Роль японской культуры как зеркала, отражающего «митьковские» образы самих себя, поворачивается неожиданной стороной в дальнейшей тематической разработке анекдота о тонущей женщине в творчестве группы. В одной из подчеркнуто шутливых песен Шагин сравнивает Бауи, тоже упавшего за борт, с плавающим в воде «японским богом»[174]. Принадлежащая Бауи сложная техника именуется «шмудаками», что на «митьковском» сленге означает заграничные электронные приборы. В выражении этом содержится ругательство «мудак», образованное, в свою очередь, от слова «муде». Конечно, внешне у Дэвида Боуи нет ничего общего с изображениями упитанного Будды, поэтому Шагин, по-видимому, использует фигуру Бауи скорее в символическом качестве. Но что она обозначает? Возможно, самого Шагина. На первом сайте «Митьков» Шагин назван «эротическим символом» движения, а описывающие его эпитеты («большой, добрый, хороший») можно истолковать как свидетельство просветленной невозмутимости[175]. В своей версии анекдота о тонущей женщине Шагин стремится переписать не только шинкаревский вариант, но и российскую историю. Он пытается нейтрализовать трагическую сущность Русско-японской войны, переосмыслить ее как притчу о столкновении России с Другим, мужского с женским. Ситуация с утопающей становится здесь связующим звеном, ведущим к примирению во всем противоположных друг другу соперников, причем оба, несмотря на неумение плавать, непреклонны в намерении плыть на помощь[176]. Присутствие в самом «митьке» Другого свидетельствует не о победе «митька» (не об акте ритуального каннибализма по отношению к врагу, как сказал бы Жирар), а скорее об изначальной внутренней двойственности. История была изменена, теперь она получила новый исход, где никто не оказался жертвой и все спаслись. Мечта о «кровавой тризне» как о мести за Цусиму окончательно отброшена.

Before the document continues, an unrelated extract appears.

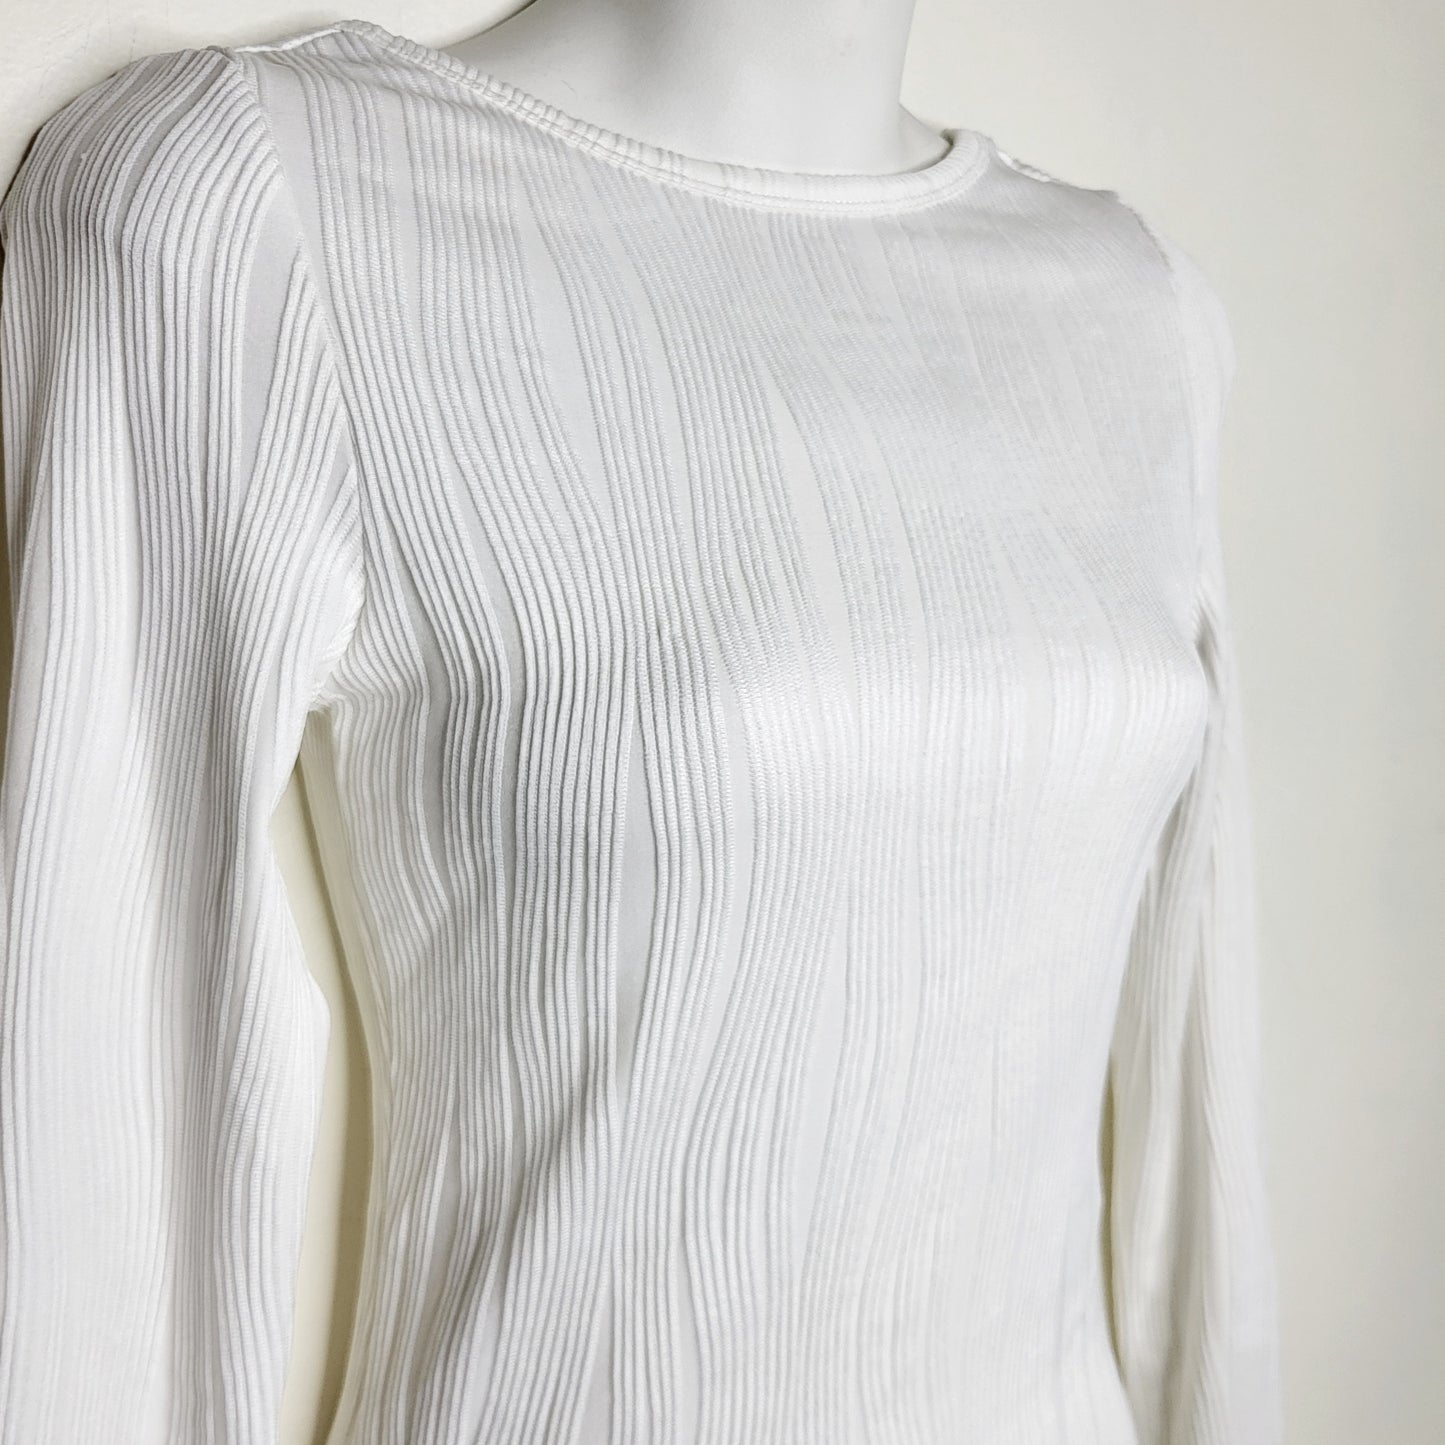 CHND2 - NEW - Dynamite white open back textured long sleeved top, size XS

Перетолкованная таким образом история подчеркивает несоразмерность существующих идеалов мужественности с попытками их практической реализации. Цикл картин Ольги Флоренской «Герои русской авиации», посвященный двойственной природе героизма, перекликается с отмеченным Любовью Гуревич вкусом к парадоксу и абсурду, под знаком которых шло усвоение ленинградским андеграундом японских литературных моделей. Флоренская создает проникнутое глубокой меланхолией изображение дореволюционного авиатора Льва Мациевича, отвесно падающего вниз на фоне почти безоблачного неба (илл. 13). Выражение «праздник воздухоплавания» из надписи рядом с накренившимся аэропланом подчеркивает сходство ярко-голубого неба с водой. Внутренняя форма слова «воздухоплавание» хорошо ощущается носителями русского языка, сразу считывающими привычное «плавание». Словно желая подчеркнуть «морской» подтекст своей работы, изображающей гибель Мациевича, Флоренская разделяет две основы составного слова «воздухоплавание» посредством переноса.

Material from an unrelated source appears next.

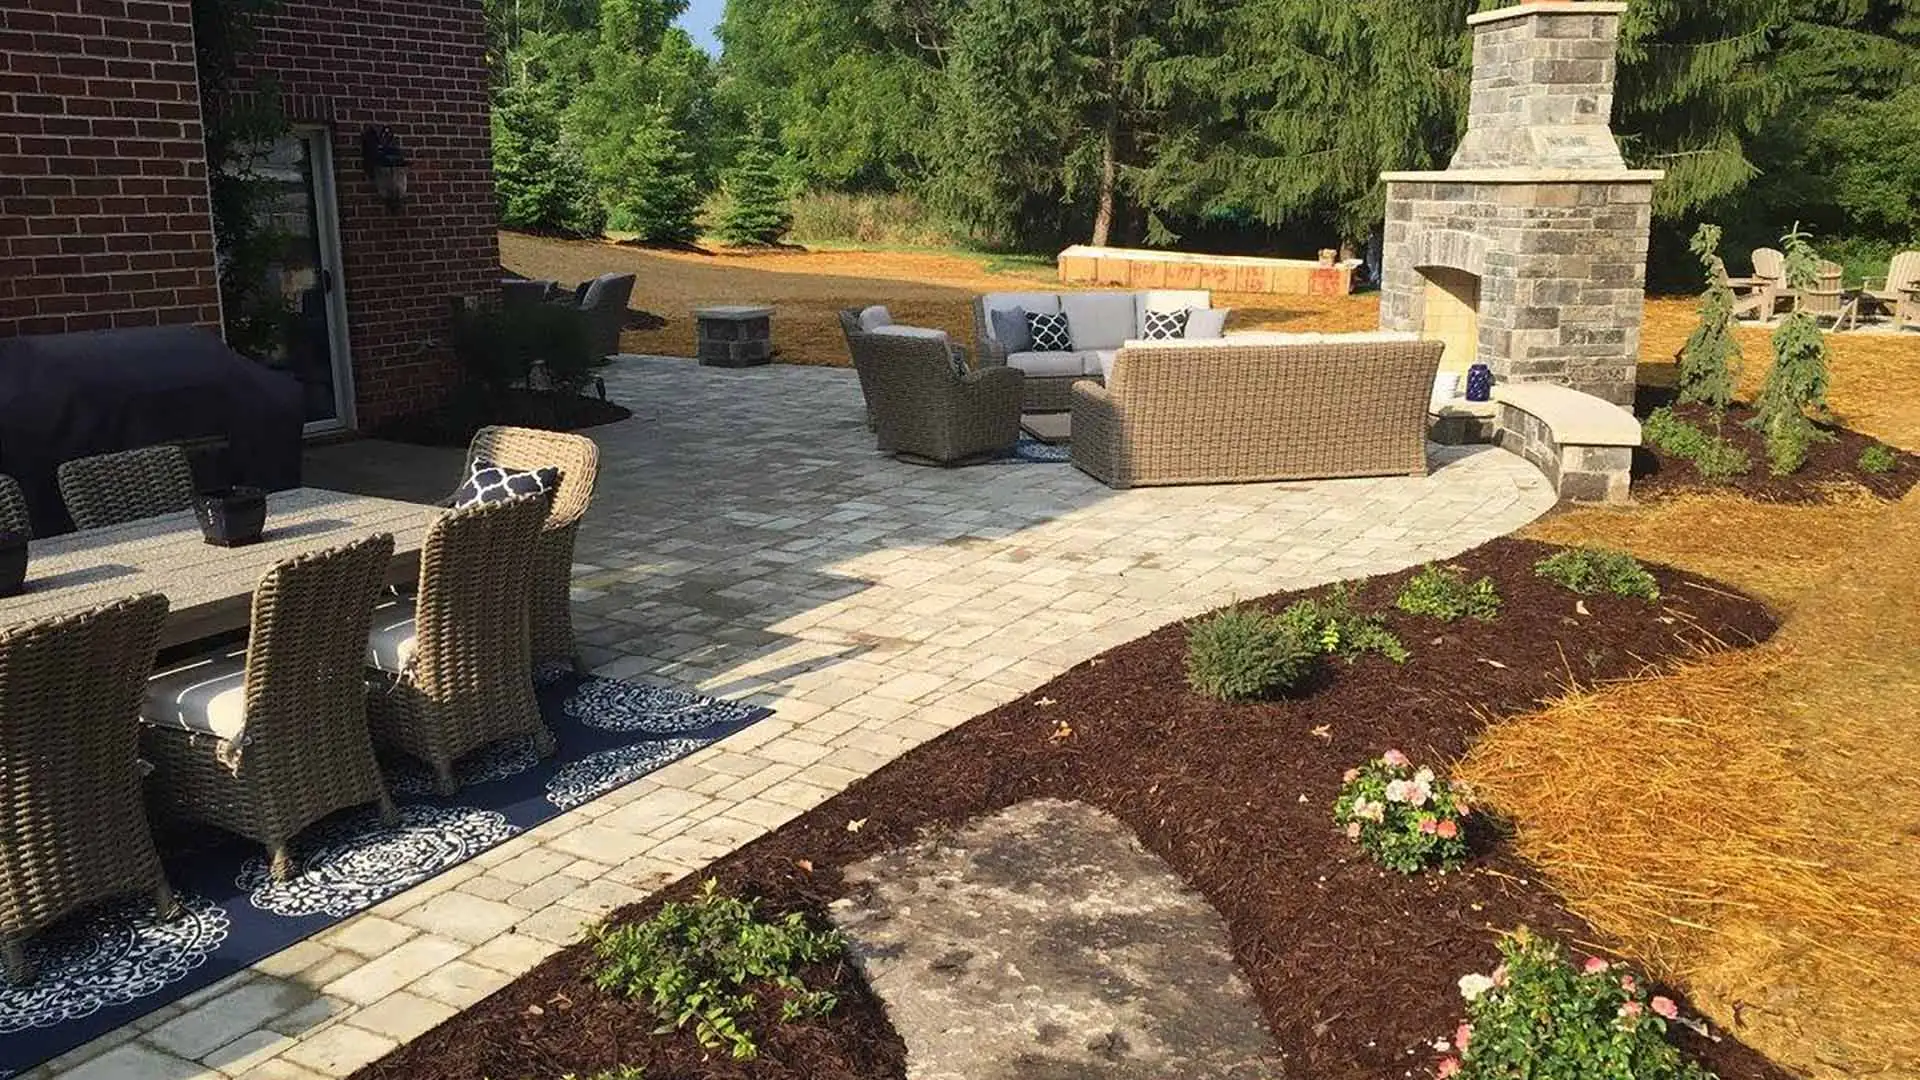 3 Ways to Take Your Outdoor Living Space to the Next Level

Казалось бы, эти и без того насыщенные сцены, разворачивающиеся в мифических небесах и море, не располагают к наличию весомой третьей силы в плодотворной бинарной оппозиции между Россией и ее противоположностями. Однако фигура «Дэвида Бауи» упорно не сходит с подмостков разворачивающейся драмы даже тогда, когда многие уже готовы счесть его эпизодическую роль сыгранной, а пребывание затянувшимся. «Митьковская» репрезентация героического полета или побега, высшей точкой которого становится разочарование или трагедия, случающиеся в воде или над водой, перекликается с разными масками, которые использовал на протяжении своей карьеры Боуи; среди них лирические герои альбомов «Space Oddity» и «Starman», разбившийся и в конечном счете обреченный инопланетянин — протагонист фильма 1976 года «Человек, который упал на Землю» (прибывший на Землю в поисках воды для своей планеты), и герой песни «Heroes», убеждающий свою возлюбленную, которая живет в Восточном Берлине, по ту сторону стены, бежать и сравнивающий их обоих с уплывающими дельфинами. Как и Боуи, «Митьки» обращают внимание на хрупкость и изменчивость самой идеи героизма, скомпрометированной авторитарными идеалами и гендерными предрассудками, ставящими под сомнение женский героизм. Быть может, лежащая в основе «митьковского» поведения жалостливая доброта, вкупе с их сексуальной неопределенностью, роднит их со «змеиной грацией»[177] британского певца больше, чем может показаться. В конце концов, в эссе «Митьковские пляски» (2005) Шинкарев описывает воображаемые танцы «Митьков» как воплощение «удали и силы, затейливости, ловкости, динамичности и изящества»[178]. В сочетании с вымышленным «спасением» Бауи и шагинским признанием в своем всегдашнем желании быть «рок-звездой»[179] эта формула напоминает нам о представлении обоих художников, Шинкарева и Шагина, о самих себе как о двойниках западного поп-кумира и вместе с тем друг друга.